# For you gals out there



## randomr8 (Oct 24, 2009)

leather-skull-purse


----------



## Pumpkin5 (Aug 8, 2010)

:jol: Oh my gosh! I LOVE IT!!! Now if he would only do a complete upper torso bag....afraid I couldn't fit half my 'stuff' in that one little skull...just my lip gloss alone would take up the bottom half...Ha ha!


----------



## Hairazor (Mar 13, 2012)

Wow!!


----------



## randomr8 (Oct 24, 2009)

Pumpkin5 said:


> :jol: Oh my gosh! I LOVE IT!!! Now if he would only do a complete upper torso bag....afraid I couldn't fit half my 'stuff' in that one little skull...just my lip gloss alone would take up the bottom half...Ha ha!


Backpack torso?


----------



## Pumpkin5 (Aug 8, 2010)

:jol: Uhm....yes, that would be lovely! Thanks!


----------



## Dark Angel 27 (Sep 11, 2008)

LOL. I love this!


----------



## Copchick (Apr 10, 2012)

Really cool! That would go with my skull cowboy boots!


----------



## RoxyBlue (Oct 6, 2008)

I wonder if he makes whale skull purses? That should be big enough for Pumpkin5's purse items:jol:


----------



## scareme (Aug 29, 2006)

Very cool!


----------



## Dixie (Feb 18, 2009)

OMG, that might clear out lines at the super market quickly, hahaha


----------



## debbie5 (Mar 2, 2007)

Ass bag = will fit EVERYTHING.......


----------



## randomr8 (Oct 24, 2009)

Dixie said:


> OMG, that might clear out lines at the super market quickly, hahaha


THANK YOU! I got a good cackle out of that.


----------



## MommaMoose (May 15, 2010)

I think people in my town would definitely freak out when they saw that!
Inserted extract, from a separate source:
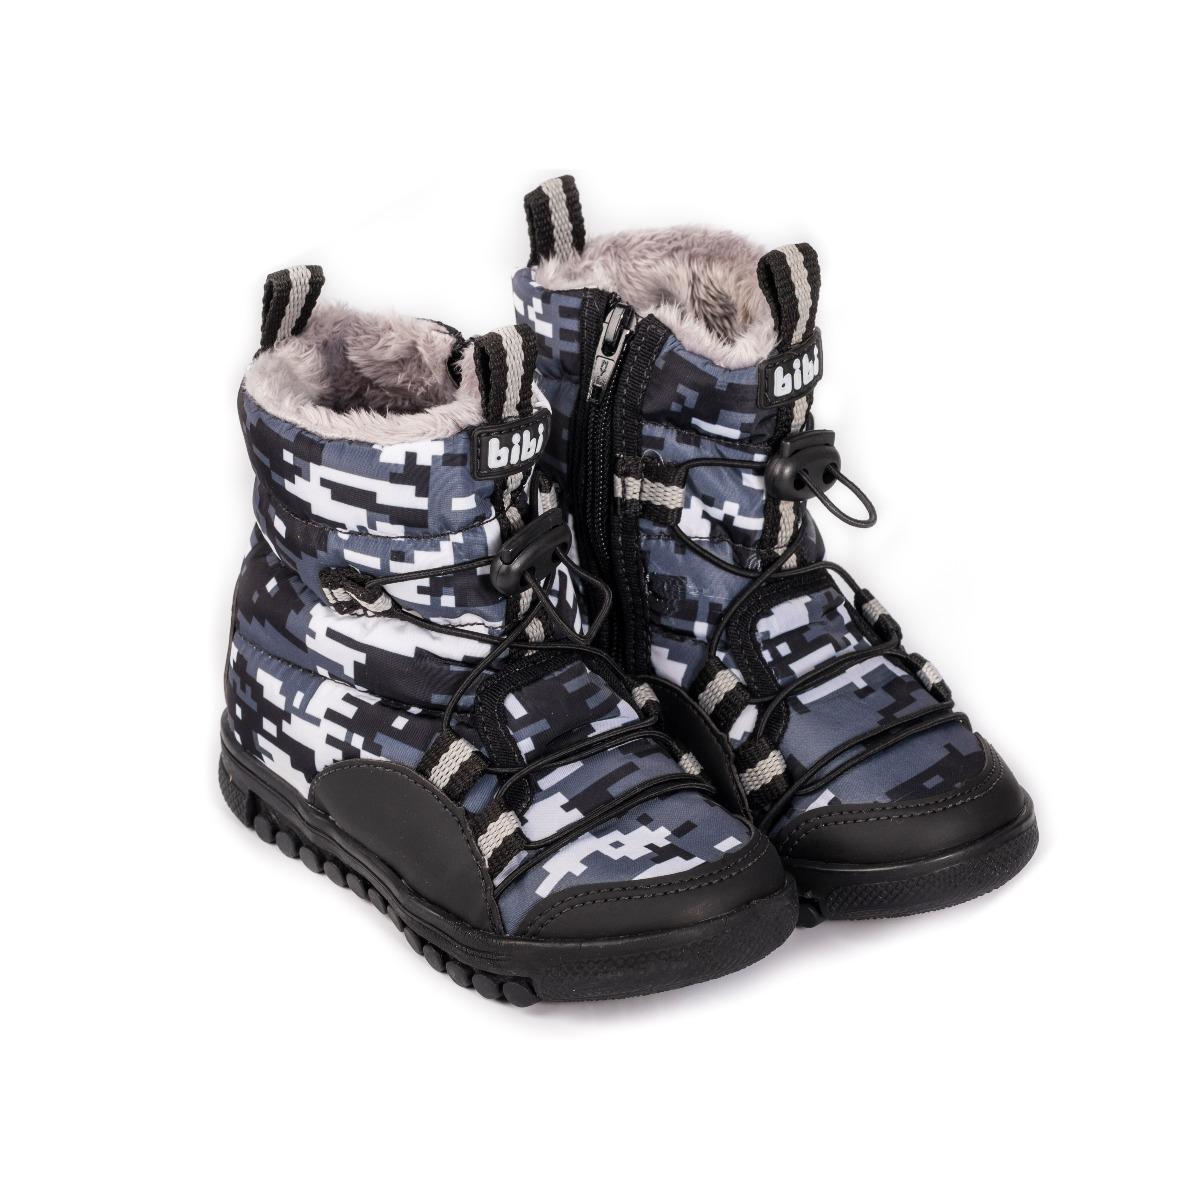 Cizme cu blanita Bibi Shoes Roller Camuflaj imagine

But I do like the idea of a torso backpack!


----------



## Spooky1 (Aug 25, 2008)

Are you saying it couldn't be used as a "man-bag"?


----------



## debbie5 (Mar 2, 2007)

Spooky1 said:


> Are you saying it couldn't be used as a "man-bag"?


(biting tongue, really REALLY hard...)


----------



## Headless (Sep 4, 2011)

LOL well.............. no......... taking Debbie's lead and biting tongue as well.


----------



## Troll Wizard (May 3, 2012)

I think this is something my daughter would like very much!


----------



## randomr8 (Oct 24, 2009)

Spooky1 said:


> Are you saying it couldn't be used as a "man-bag"?


Well, I know_* I*_ don't have the accessories for it.


----------



## Lilly (Jun 13, 2006)

cool lookin' but i don't use a purse. might fit on the back of my scoot though..muahahah


----------



## Haunted Spider (Sep 6, 2010)

Something tells me my wife will not give up her Michael Kors for this, but it would be fun


----------



## nixie (Sep 17, 2008)

Holy crud!! That's amazing!


----------